2. The US vaccines are being made in factories that were already approved for manufacture of other similar drugs using the same equipment. Adding one more drug to the process is trivial in comparison to approving a new factory. That's been one of the limits to increasing production. Once the factories already approved and capable of making the vaccine are at 100% capacity it's very slow to get new factories approved. The FDA has not weakened the manufacturing safety rules.
3. The efficacy rules for the vaccine approval were weakened. If you want to read the endless details they are available. The FDA published the Emergency Use requirements about a year ago. They are the basis for all the current vaccine distribution. They are less stringent than regular requirements. The first vaccine to meet the regular requirements was only approved by FDA about a month ago. The manufacturing rules were not weakened.
I agree that the FDA process is excessively risk averse and excessively bureaucratic. It's prioritization is often terrible. This certainly needs work. The careful improvements needed are not the kind of chanage that you are suggesting.

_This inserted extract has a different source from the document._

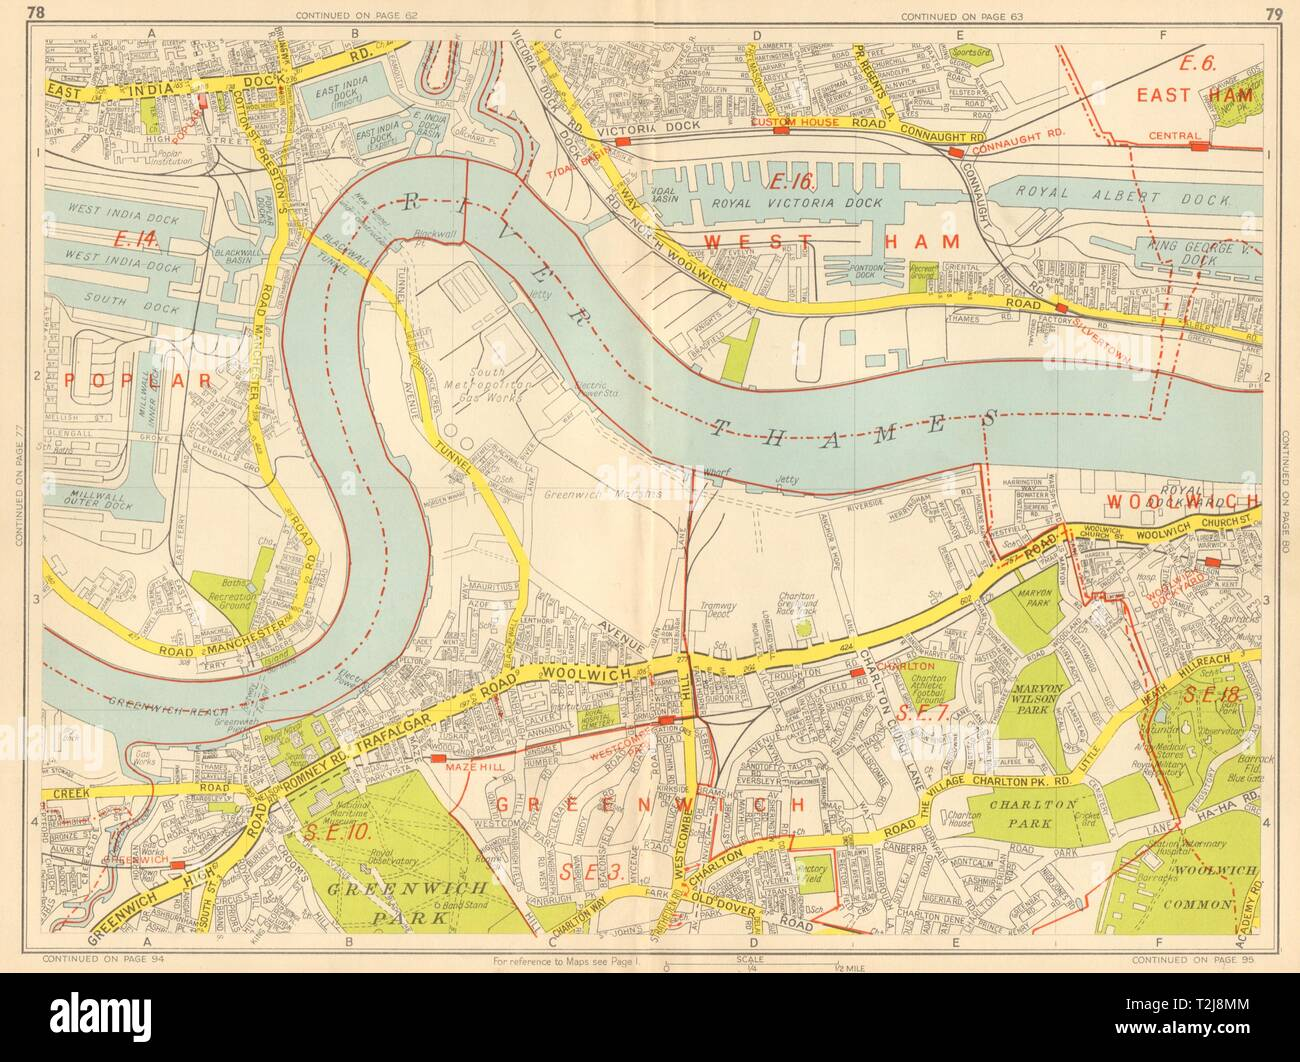 GEOGRAPHERS/' A-Z 1956 map GREENWICH Isle of Dogs Woolwich Charlton Royal Docks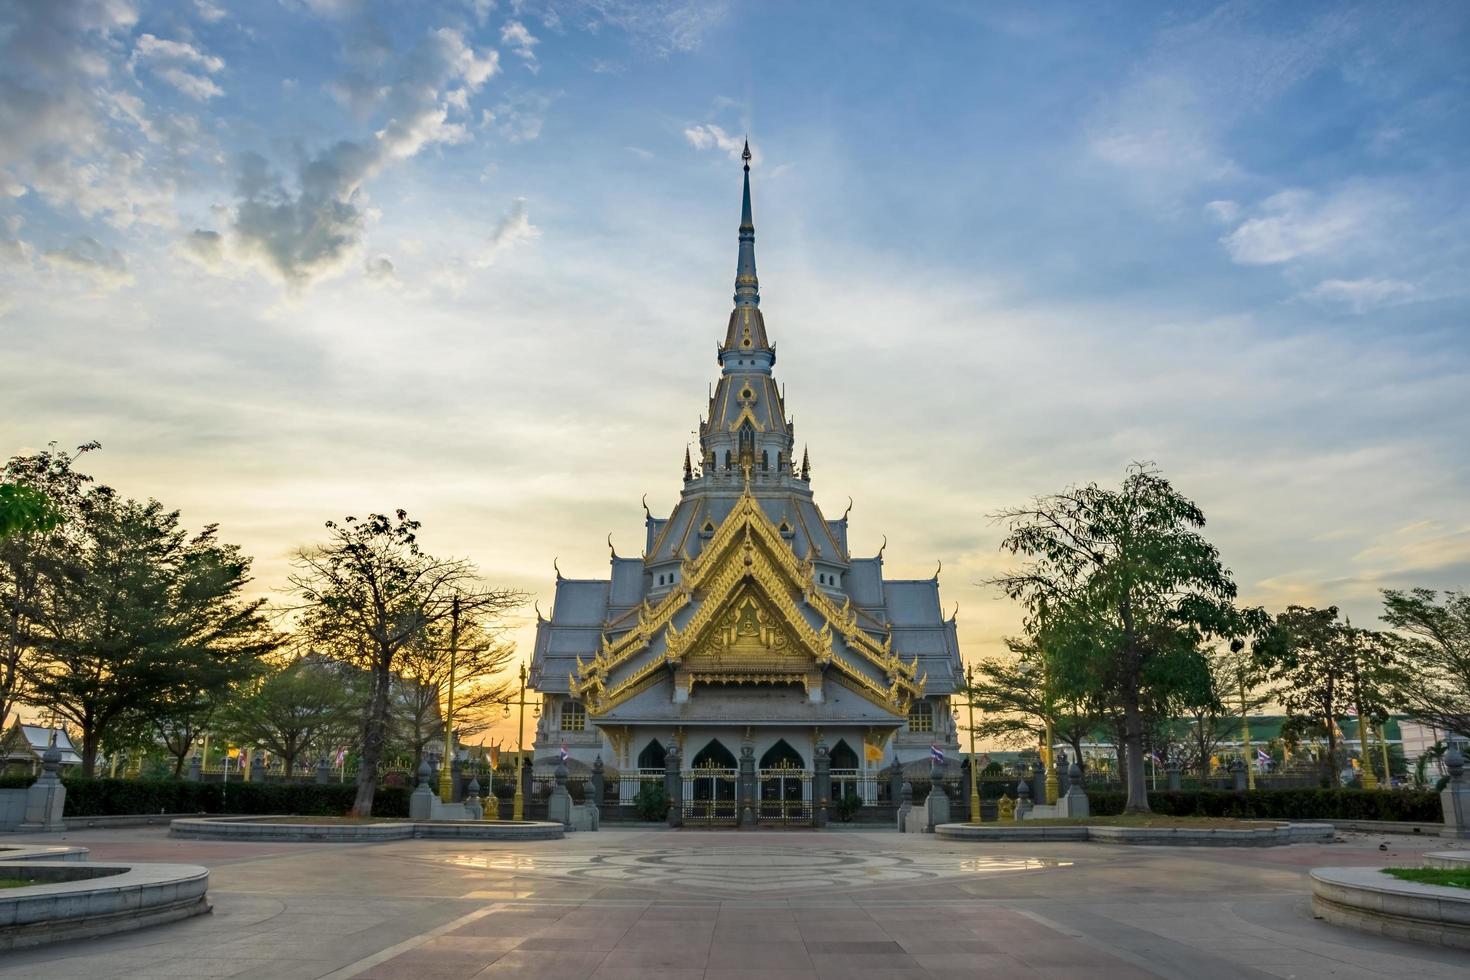 de wat sothon wararam worawihan-tempel in thailand foto

I've also seen and inspected factories that failed the FDA inspections. I was shocked and appalled. The level of filth and contamination of products was staggering. For example, you should expect a factory floor that you are comfortable eating off. (Of course food won't be allowed into the facility, so you won't actually eat off that floor.) I saw factories with muddy dirty floors, bird droppings, etc. These places wouldn't pass routine kitchen inspection at a restaurant.
Many people don't realize what is needed.
The non-FDA factories that I've seen which would pass FDA cleanliness and process control inspection were semiconductor fabs, precision electronics manufacturing, etc. I helped bring one precision electronics manufacturer up to FDA standards and it was pretty easy. We mostly documented and explained how their existing extremely demanding process control met all the goals set by the FDA. It took about 5% the time and cost of bringing a new production facility up to FDA standards, with very little process change needed.
I think public health officials cajole rich countries into foregoing booster shots and child vaccination at the peril of global public health. Far better to work on supply. At the end of the day people don't want themselves or their loved ones to get sick or die. Confident, less-stressed rich country residents (who have no reason to complain about people in poor countries) are more apt to support the kinds of global vaccine aid the world needs right now. Reminds me a bit of the climate change sub-debate regarding conservation vs. abundant (green) energy. The latter would be vastly preferable, if it could be pulled off.
In short, rich countries should do more if at all possible, but not at the cost of denying their own citizens medically recommended, optimal vaccine regimens. At least that's my take.
I'm fully vaccinated with Sinovac, for what it's worth.
(Also, Chinese pharma firm Shanghai Fosun is working on a deal with BioNtech, it appears. In the Chinese press, at least, I haven't seen the name "Pfizer" mentioned).